Вечером прилепские крестьяне явились в контору с различными требованиями, и мне передали, как дерзко и вызывающе они себя вели. Старые, наиболее преданные служащие – маточник Руденко, монтер Марченко, кузнец Посенко – и прислуга в доме говорили мне, что надо ждать беды, что крестьяне открыто грозят захватить землю, все разграбить и сжечь. «Приятные перспективы», – невольно подумал я и опять вспомнил покойного Ситникова. Как хорошо он знал крестьян и как был прав, предостерегая меня!

Настроение было такое, неслись такие слухи из города, что на другое утро, когда я уезжал, мой камердинер стал умолять меня не надевать офицерской формы – ехать в штатском платье.

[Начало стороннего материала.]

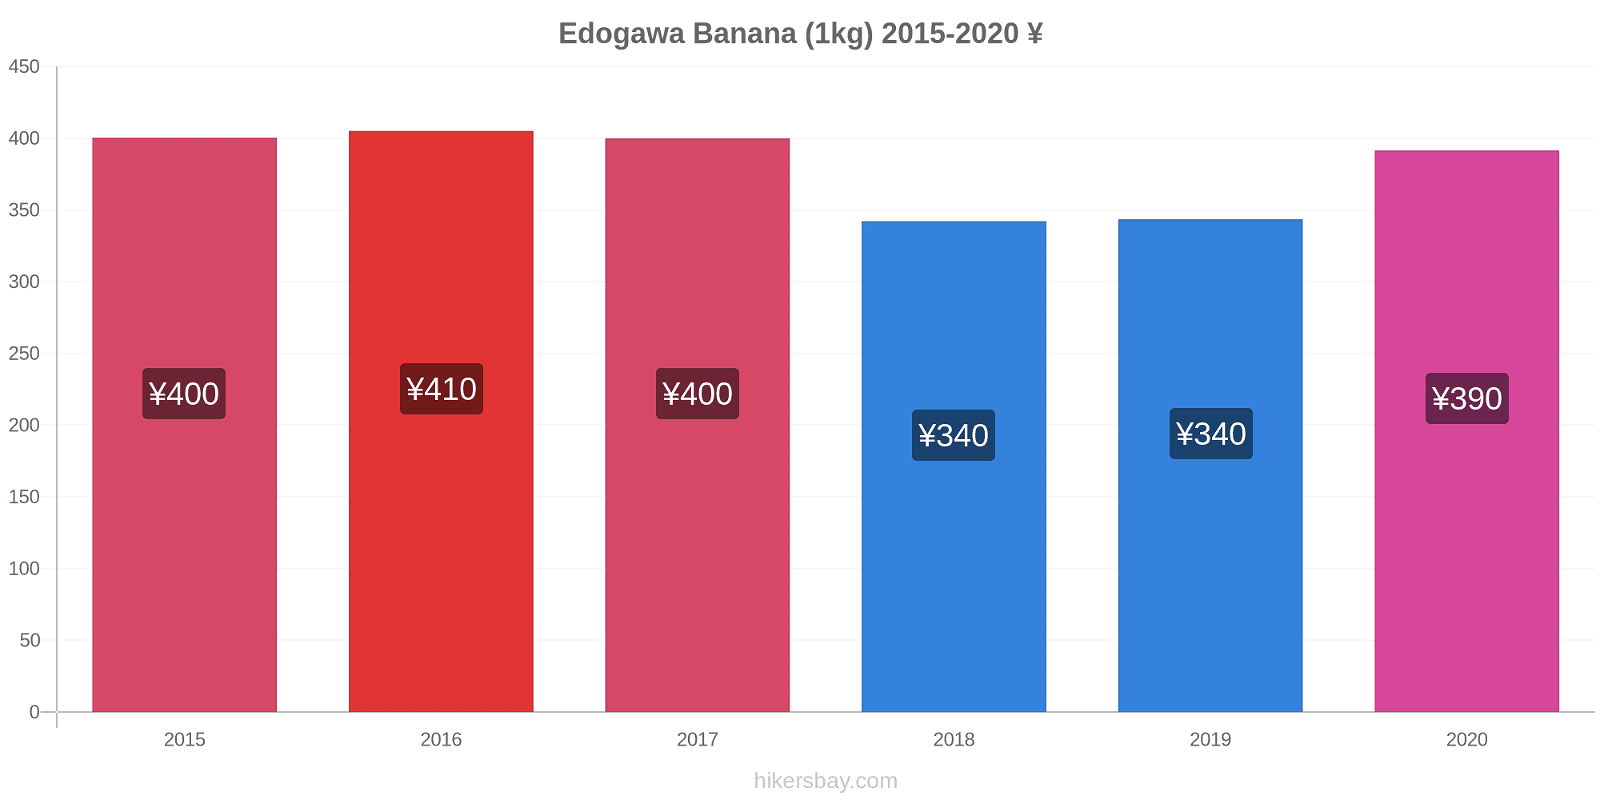 Edogawa modificări de preț Banana (1kg) hikersbay.com

Я не послушал и, конечно, надел мундир. До отхода поезда оставалось не более часа, и надо было спешить. С тяжелым чувством покидал я Прилепы и, признаюсь, не имел твердой уверенности в том, что, приехав туда вторично, всё и всех застану на местах. Живописная и превосходная, особенно по санному пути, дорога на Засеку заняла не более сорока минут; ехать пришлось напрямик и лесом, это немного сократило дорогу. Встречные редко попадались нам, и кучер Василий доставил меня на вокзал вовремя.

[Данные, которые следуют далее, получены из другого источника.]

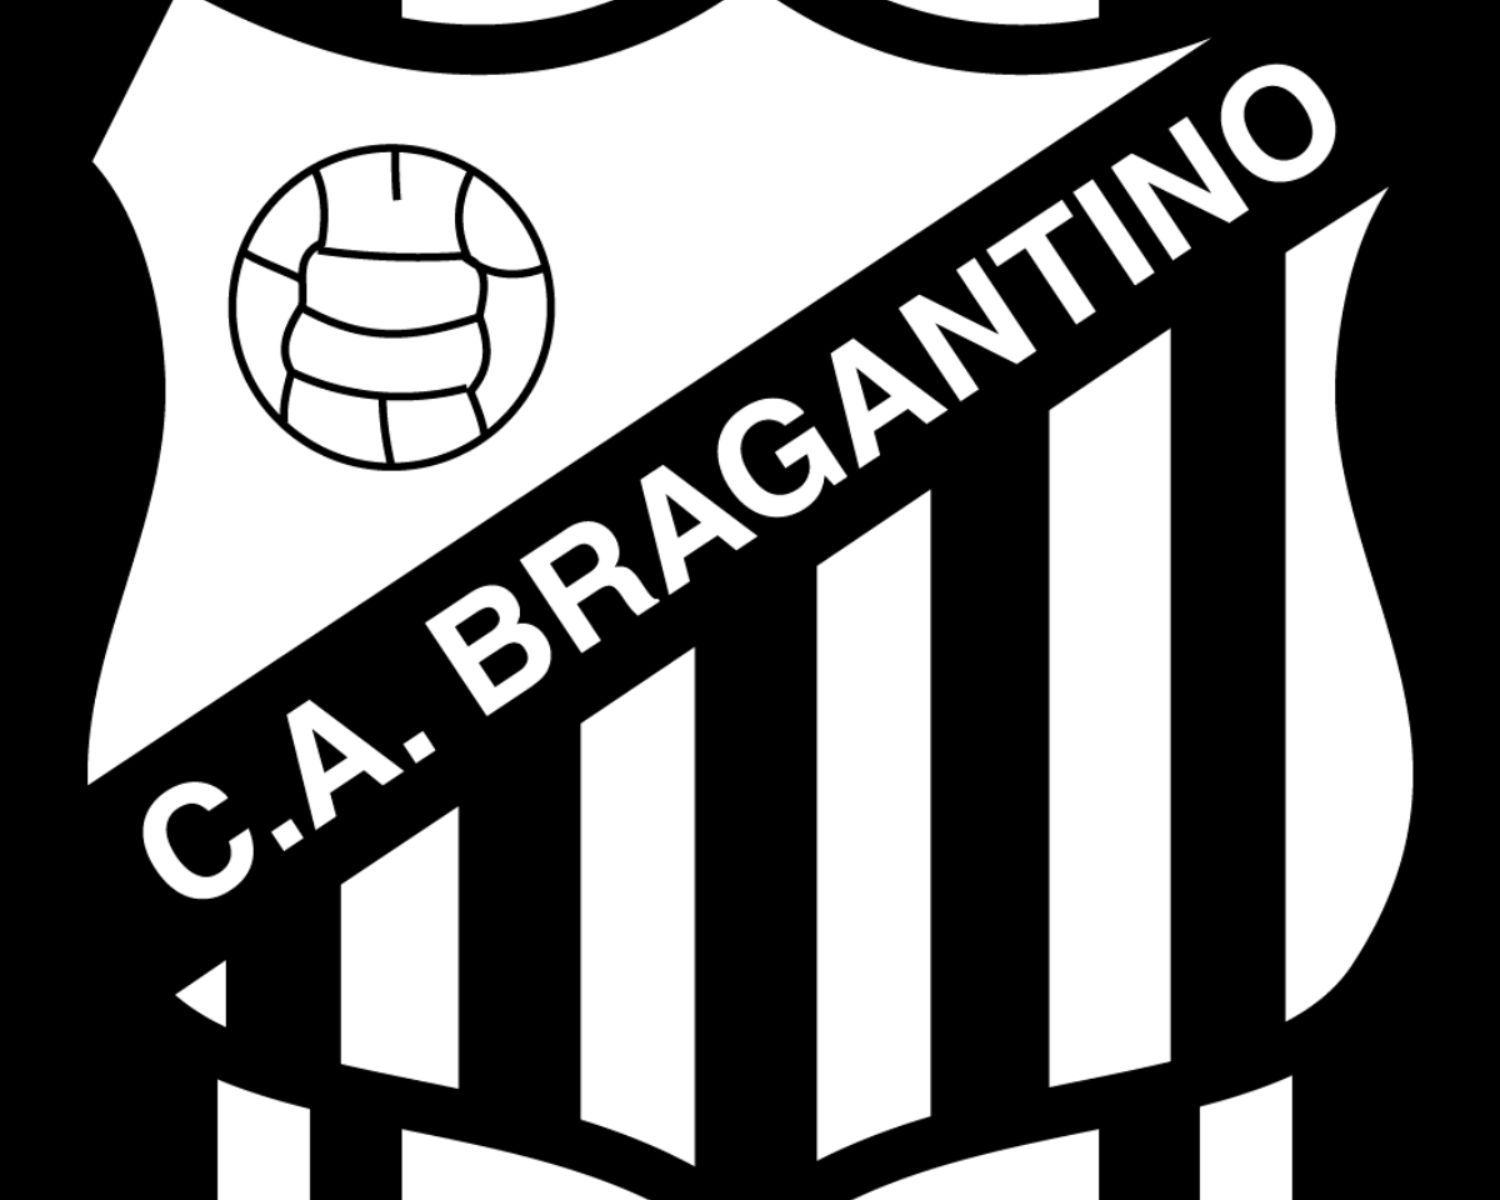 ca-bragantino-14-football-club-facts

Я вошел в контору начальника станции, там шел оживленный разговор: забытый чай стыл в стаканах, все станционное начальство горячо обсуждало великие, так неожиданно грянувшие события. Лица у всех были радостные, имя Бубликова и его распоряжения,[155] по-видимому, были всем здесь по душе, поэтому совершенно неудивительно, что когда я вошел в дежурную к начальнику станции, чтобы взять билет, то при моем появлении все сразу замолчали.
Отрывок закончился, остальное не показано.